Numerous tales of shamanistic curses and extrasensory revelations are routinely told. Influenced by Russian mystic philosopher Nicholas Roerich, this kind of new age thinking seem to coexist with the predominant Orthodox Christianity.
However, most of those visiting Altai are looking for something very real – it’s an easily reachable escape from the concrete jungle for people living in Barnaul or Novosibirsk, a few hundred kilometers away from the heart of the mountainous region, and a favourite adventure travel destination for tourists from all around the country. Local rivers are among the best for rafting practice, mountains are a paradise for climbers and hikers, and, conveniently, there aren’t many mosquitoes that can really spoil the vacations in the Northern Siberia.

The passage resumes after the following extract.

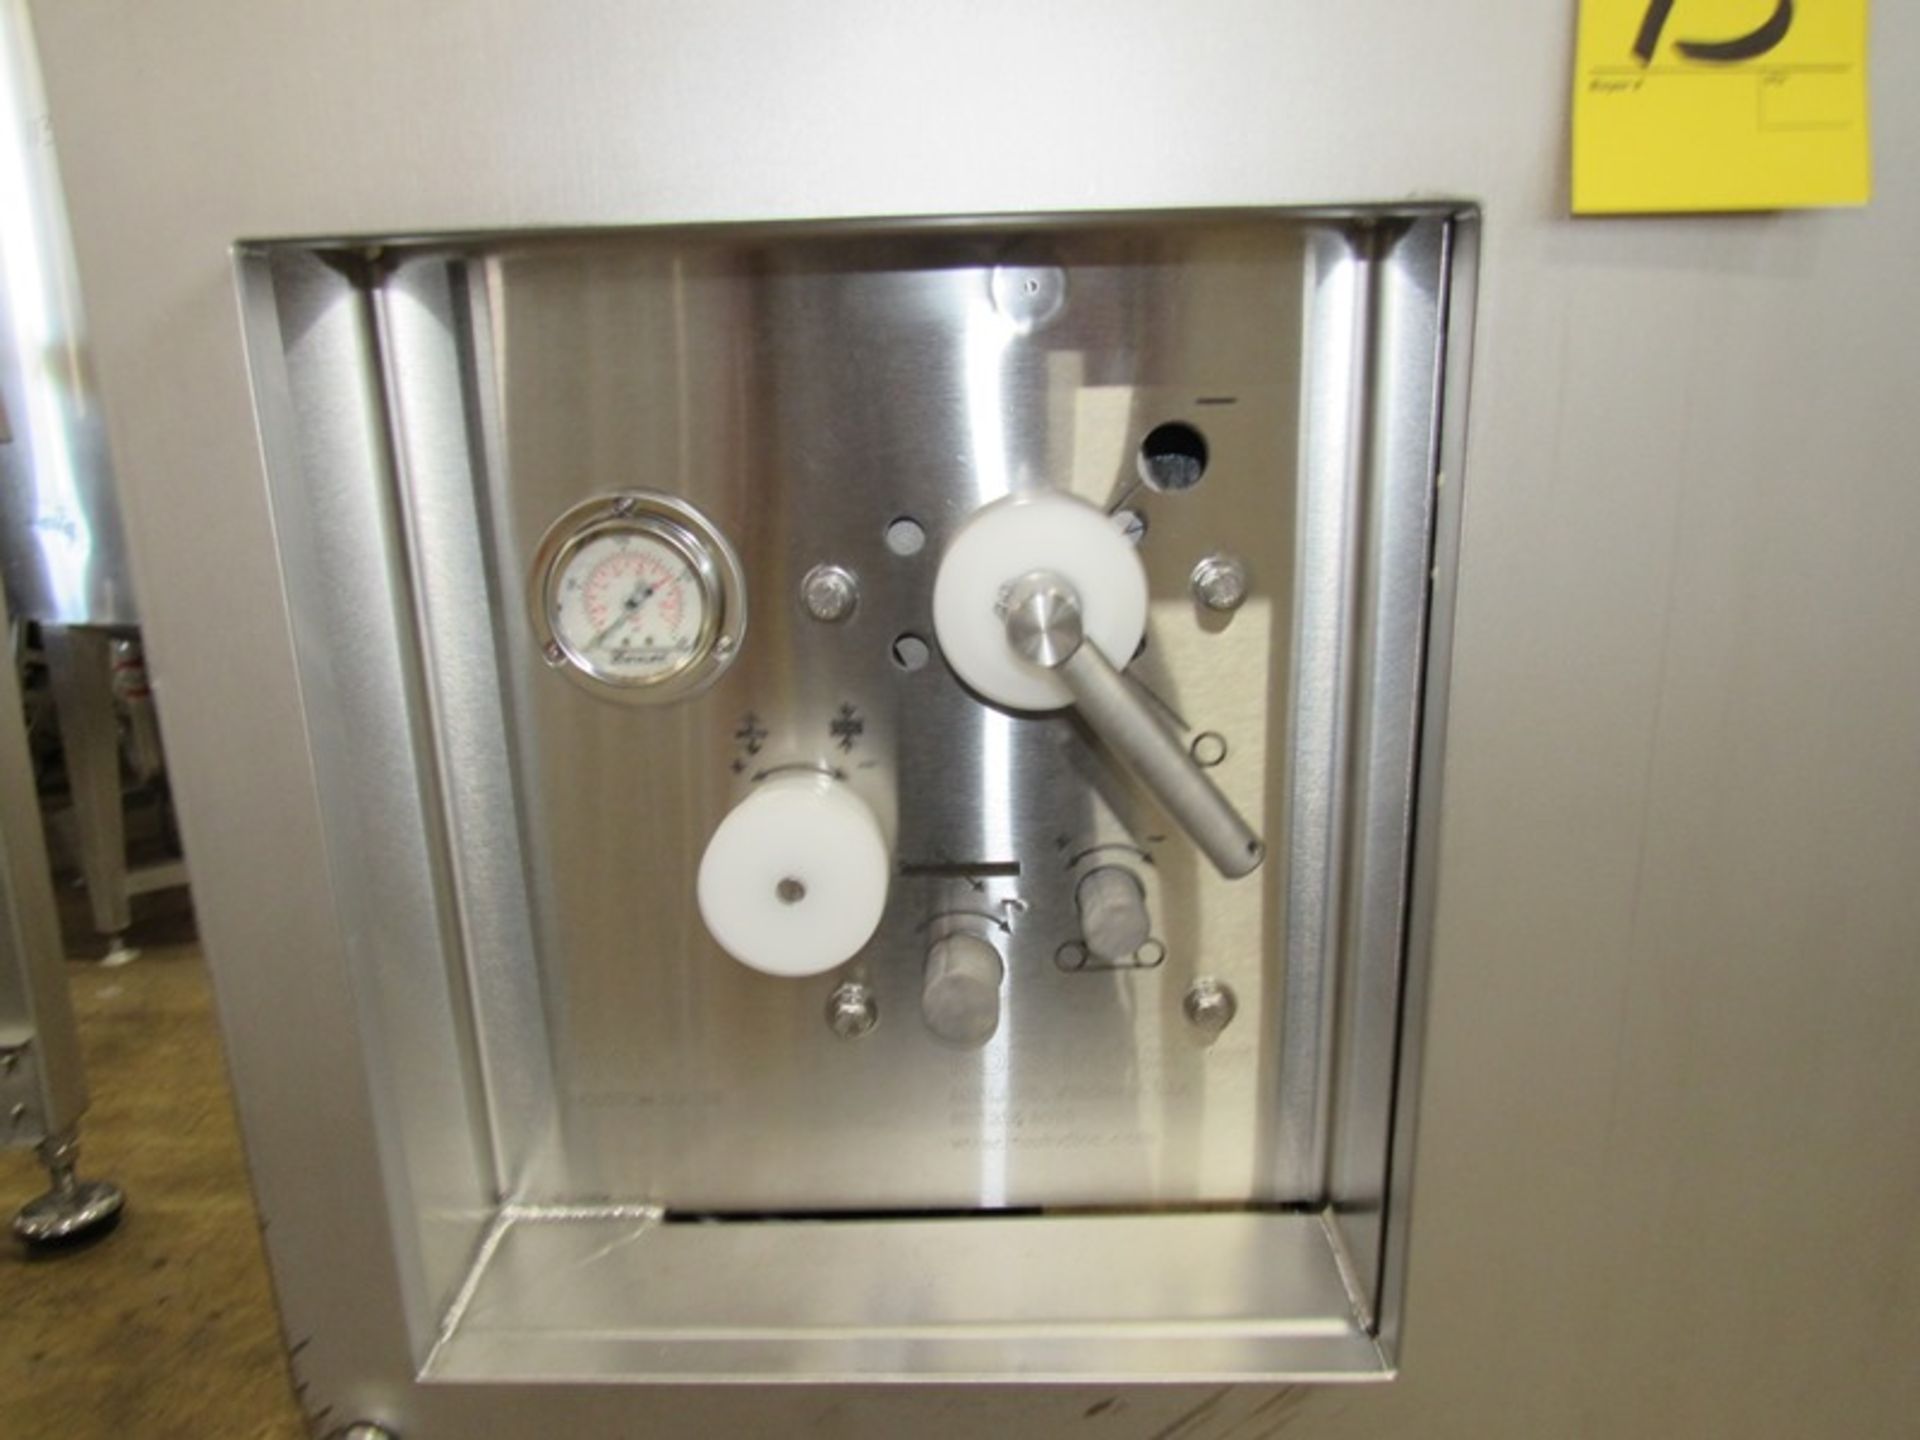 Ross Mdl. 990A Portion Slicer, Mfg. 2020, approx. new cost $288,000, (16) 3" dia. product feed tubes - Image 18 of 20

For local towns and villages that lack any industry except agriculture, the inflow of tourists is the main source of income. Whole villages are for rent – traditional Russian log cottages look surprisingly comfortable and feature satellite television; for those ready to pay more there are vast luxurious resort areas with hotels, swimming pools and helipads being built in some of the most picturesque areas along the Katun river.
“We had to sacrifice some pristine corners to direct the flows of tourists, or else they would bring uncontrolled pollution all around the place” , – a local official explained as he drove us through an immense construction site that used to be a magnificent forest. “It’s good to see how the place gets more civilized. But also a little sad.”